[DATA EXTRACTS]
# # # #

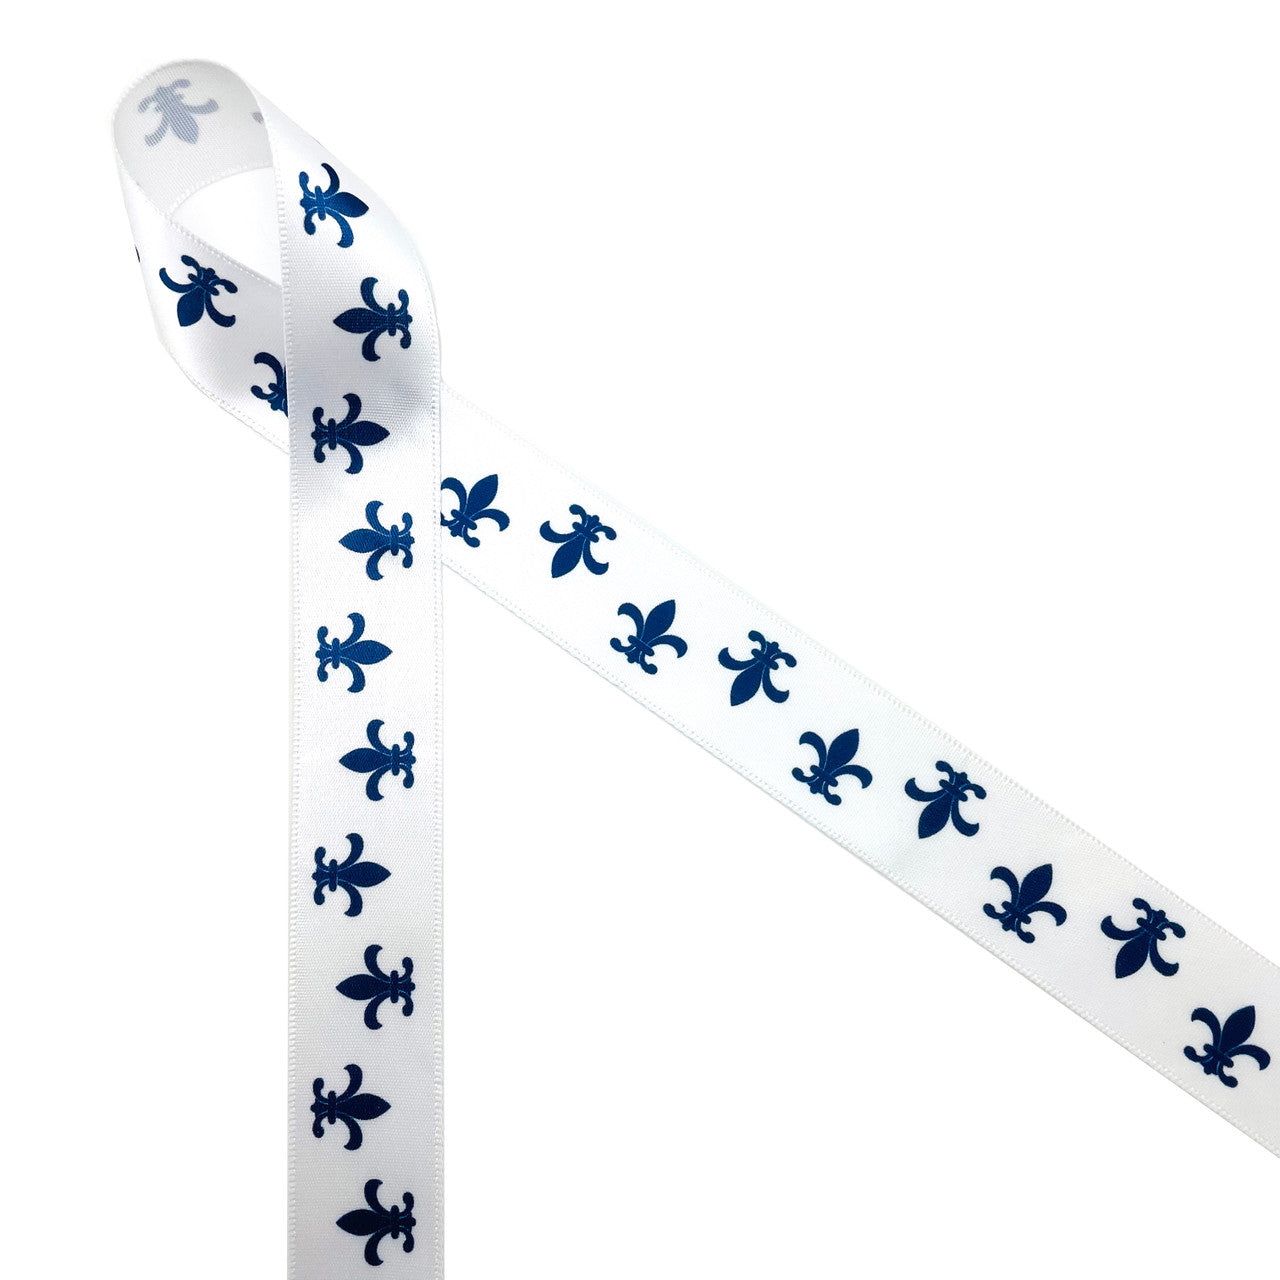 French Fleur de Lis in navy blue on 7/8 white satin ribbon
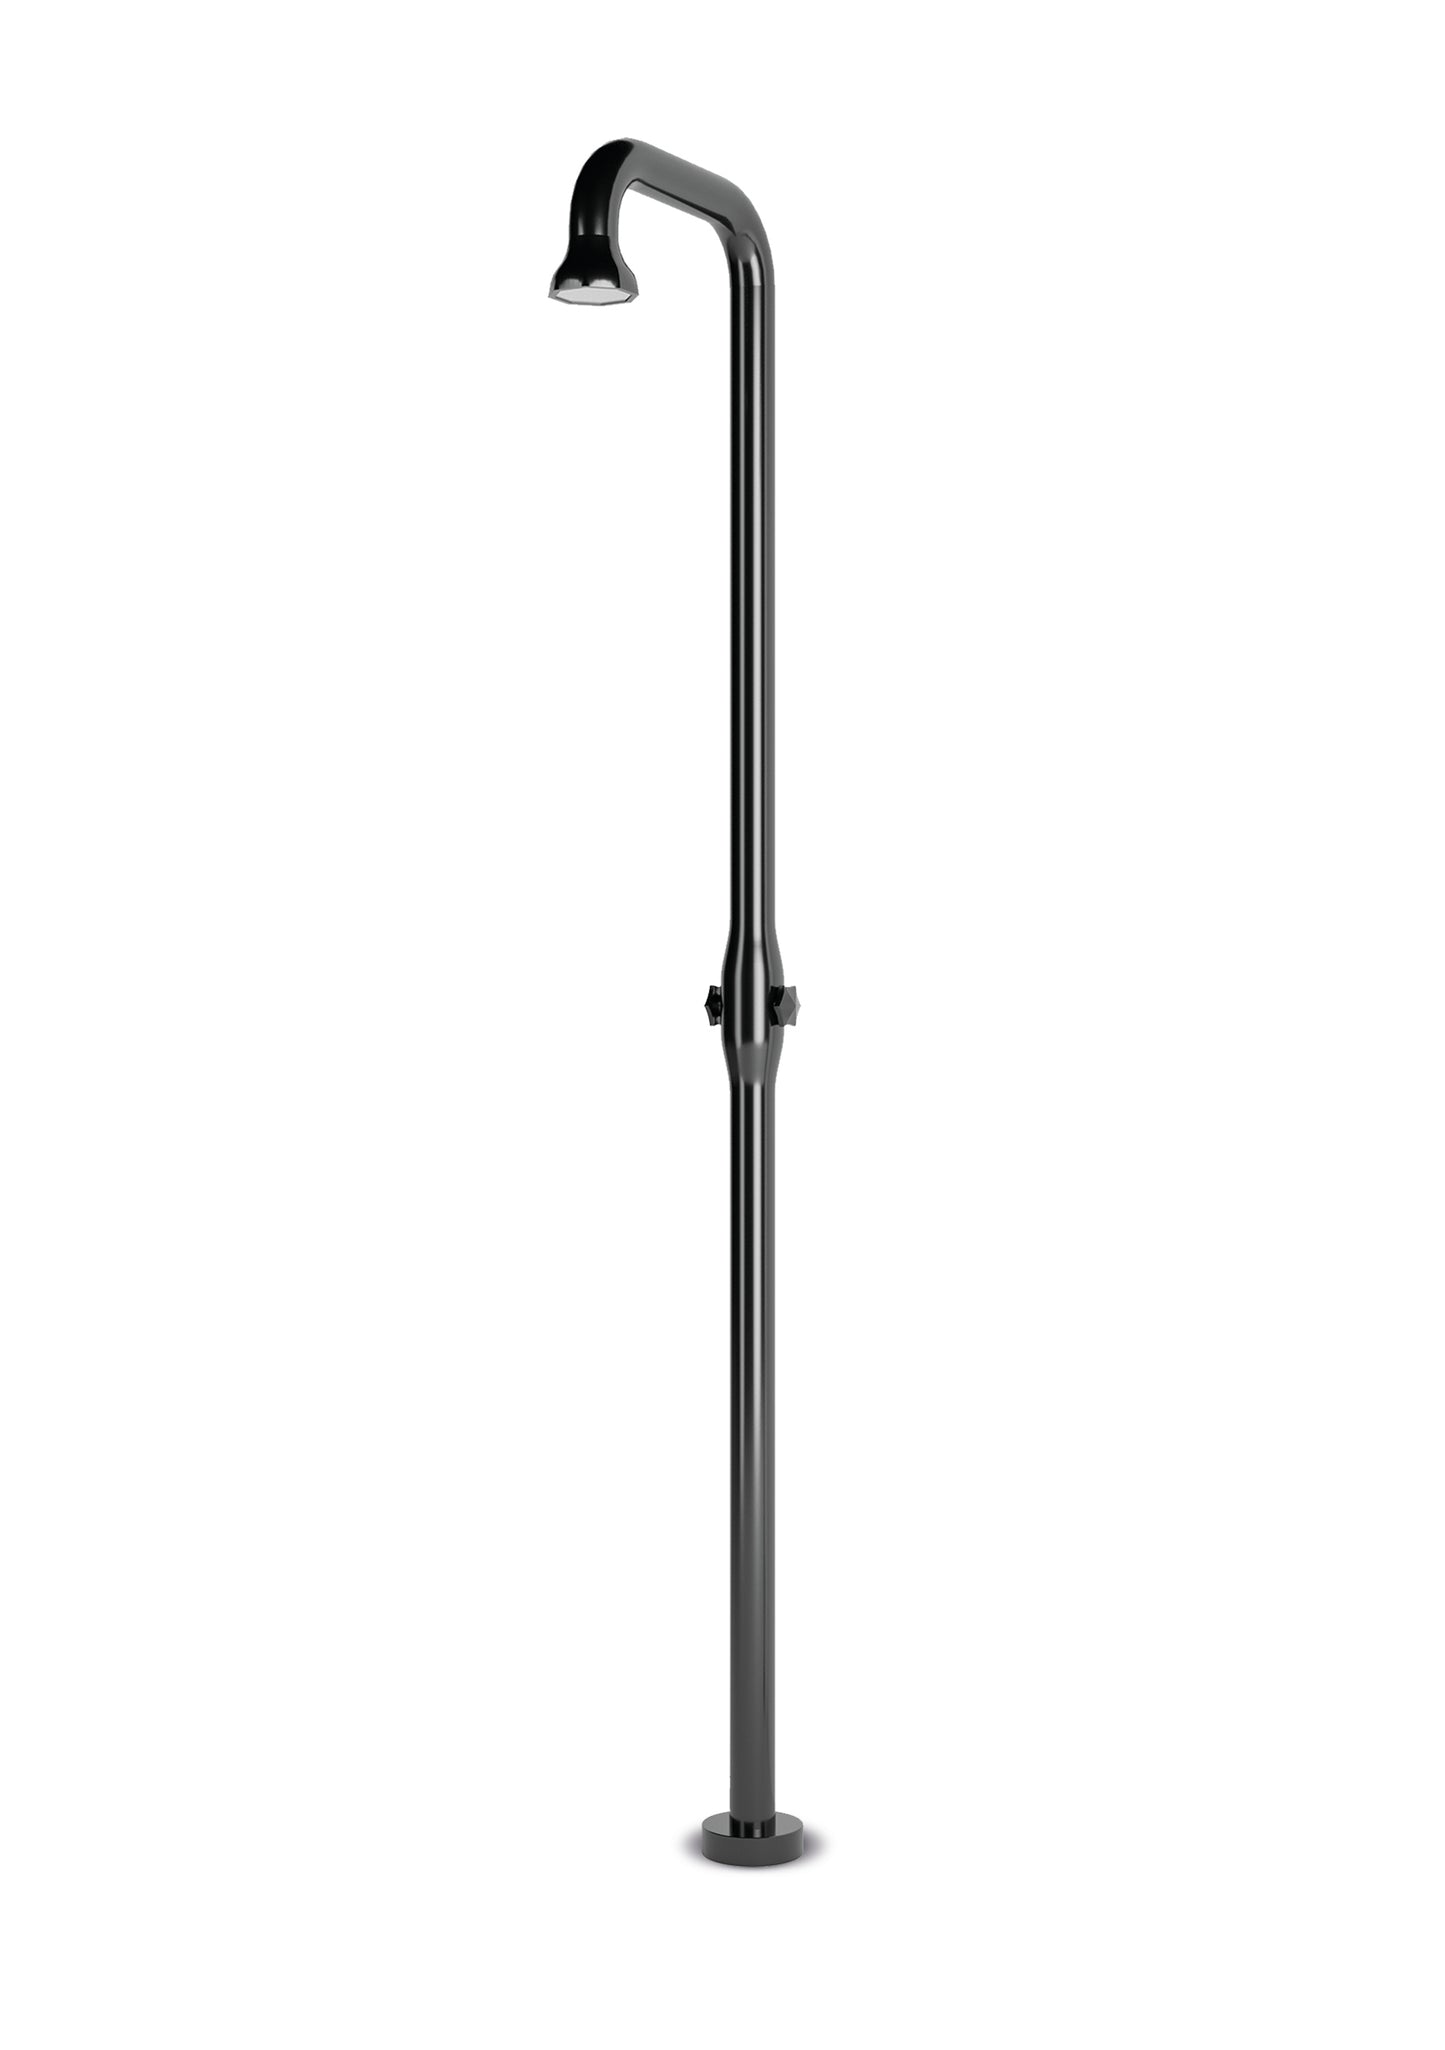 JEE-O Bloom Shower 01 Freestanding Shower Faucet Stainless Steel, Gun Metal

# # # #

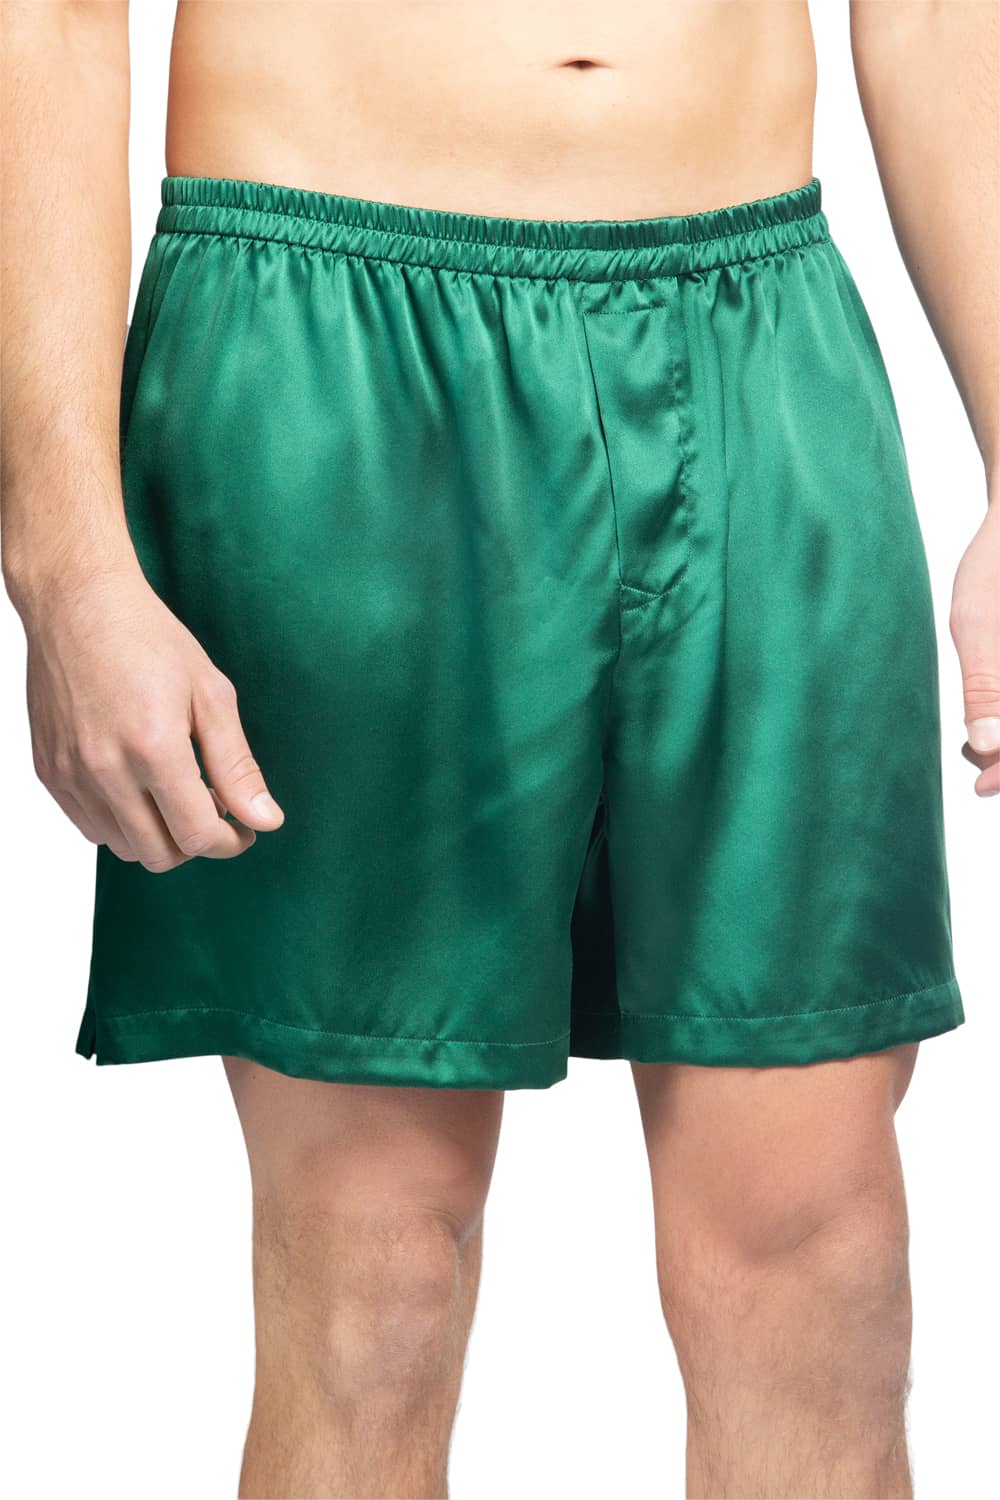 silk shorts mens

# # # #

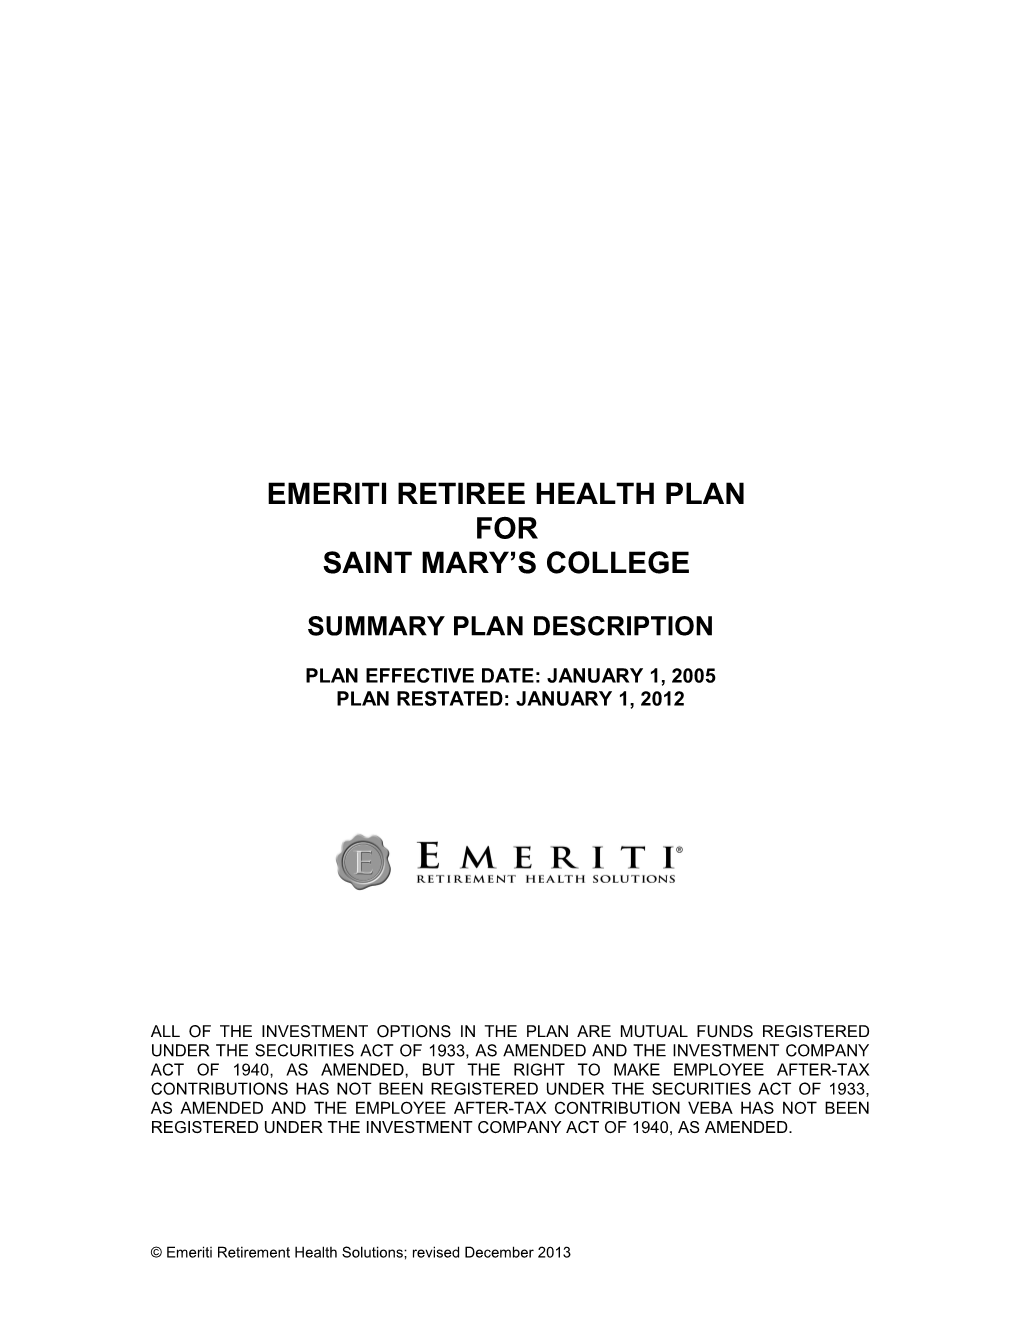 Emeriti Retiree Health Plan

# # # #

[REQUIREMENT] For this exercise, please set down exactly the lines of the listing above from the line with "French Fleur de" up to and including the line with "JEE-O Bloom Shower", and no pictures.

[EXERCISE ANSWER]
 French Fleur de Lis in navy blue on 7/8 white satin ribbon
 JEE-O Bloom Shower 01 Freestanding Shower Faucet Stainless Steel, Gun Metal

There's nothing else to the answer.